= Hare baronets of Stow Hall (1818) =

Escutcheon of the Hare baronets of Stow Hall

The Hare baronetcy, of Stow Hall in the County of Norfolk, was created in the Baronetage of the United Kingdom on 14 December 1818 for Thomas Hare, a soldier of the American Revolutionary War; he was the grandson of Thomas Leigh (a member of the same family as the Barons Leigh), husband of Mary, second daughter of the 2nd Baronet of the 1641 creation, and sister and co-heiress of the 5th Baronet of that creation. Born Thomas Leigh, he assumed by Act of Parliament the surname of Hare in lieu of his patronymic in 1791.
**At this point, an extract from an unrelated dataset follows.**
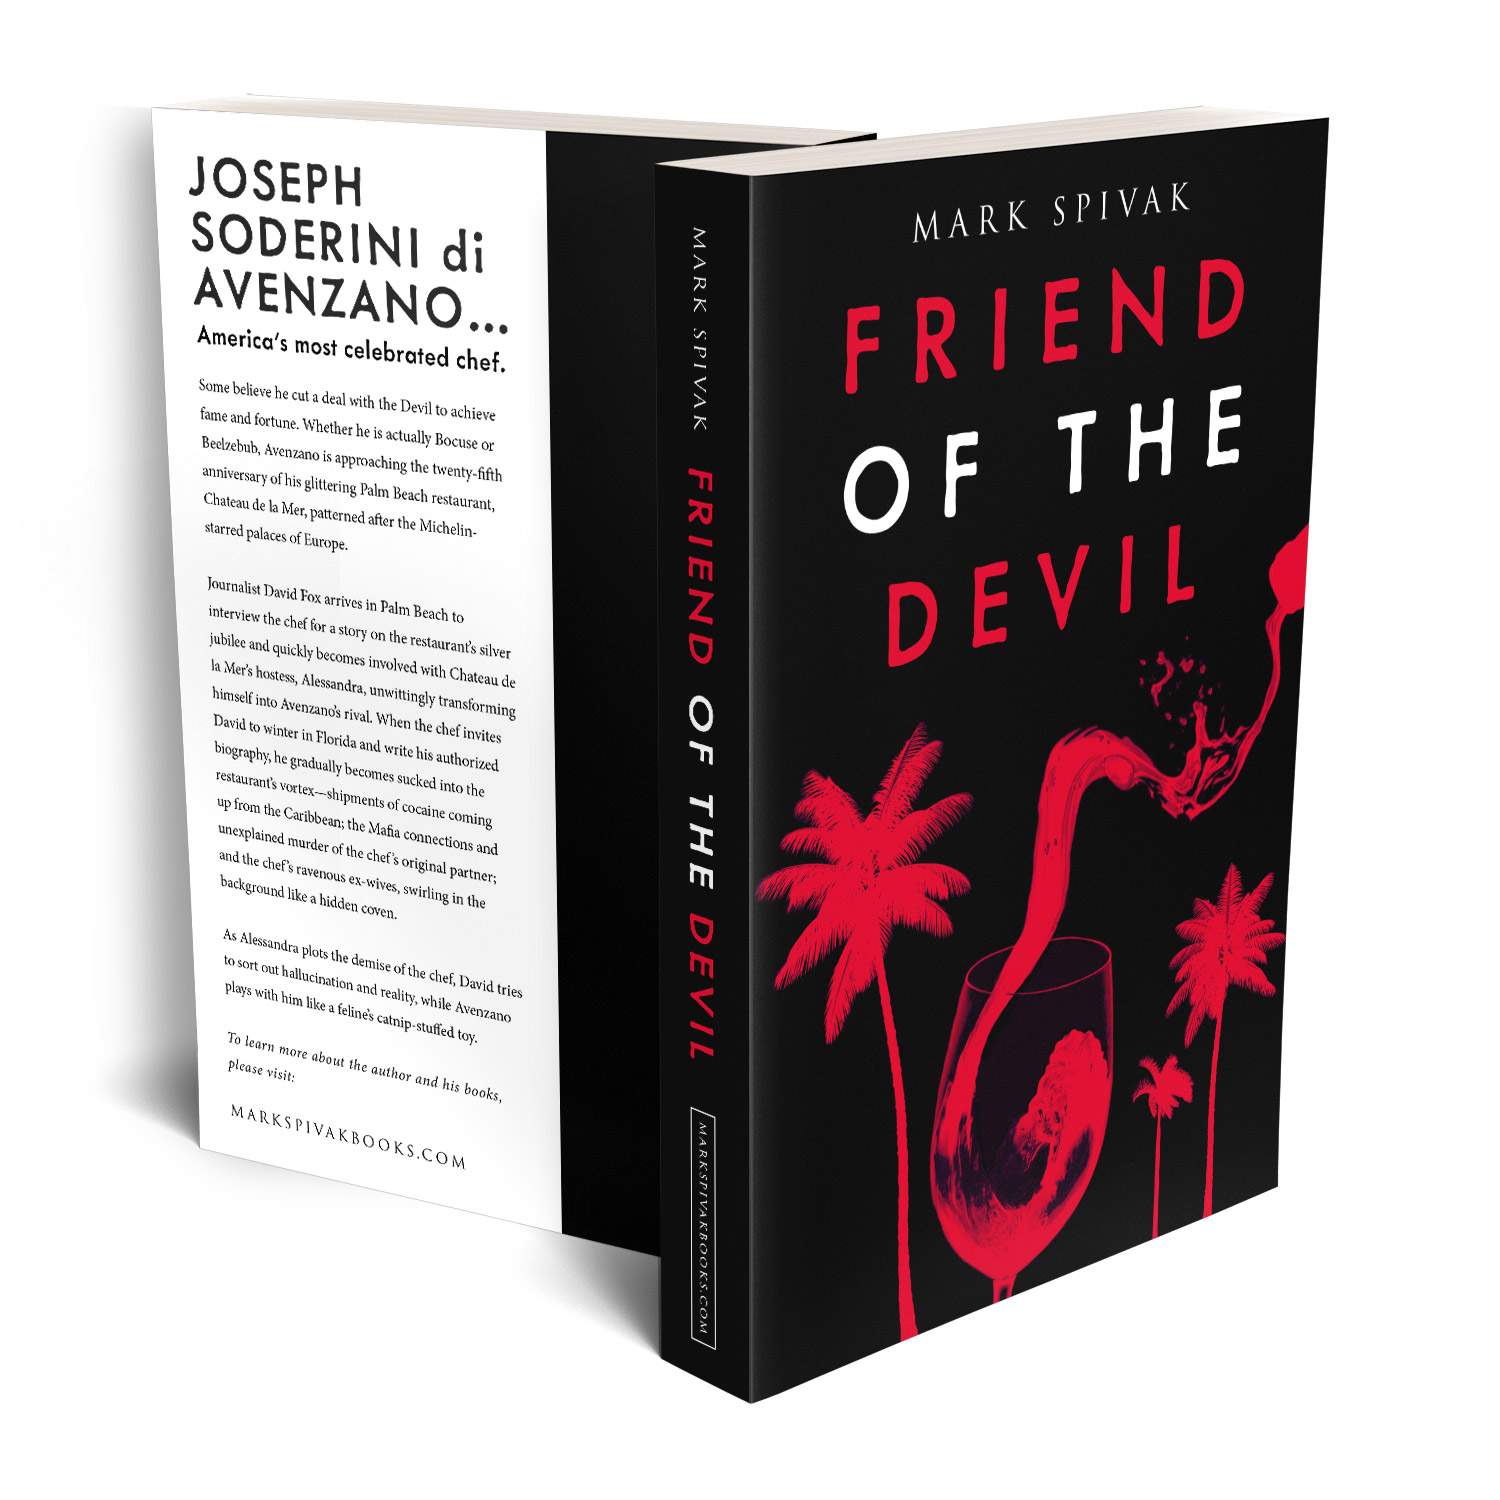 'Friend of the Devil' is a delicious tale of greed. The author is Mark Spivak. The cover design of the book is by Mark Thomas. To learn more about what Mark could do for your book, please visit coverness.com

The 3rd Baronet was High Sheriff of Norfolk in 1906.

==Hare baronets, of Stow Hall (1818)==
- Sir Thomas Hare, 1st Baronet (died 1834)
- Sir Thomas Hare, 2nd Baronet (1807–1880)
- Sir George Ralph Leigh Hare, 3rd Baronet (1866–1933)
- Sir Ralph Leigh Hare, 4th Baronet (1903–1976)
- Sir Thomas Hare, 5th Baronet (1930–1993)
- Sir Philip Leigh Hare, 6th Baronet (1922–2000)
- Sir Nicholas Patrick Hare, 7th Baronet (born 1955)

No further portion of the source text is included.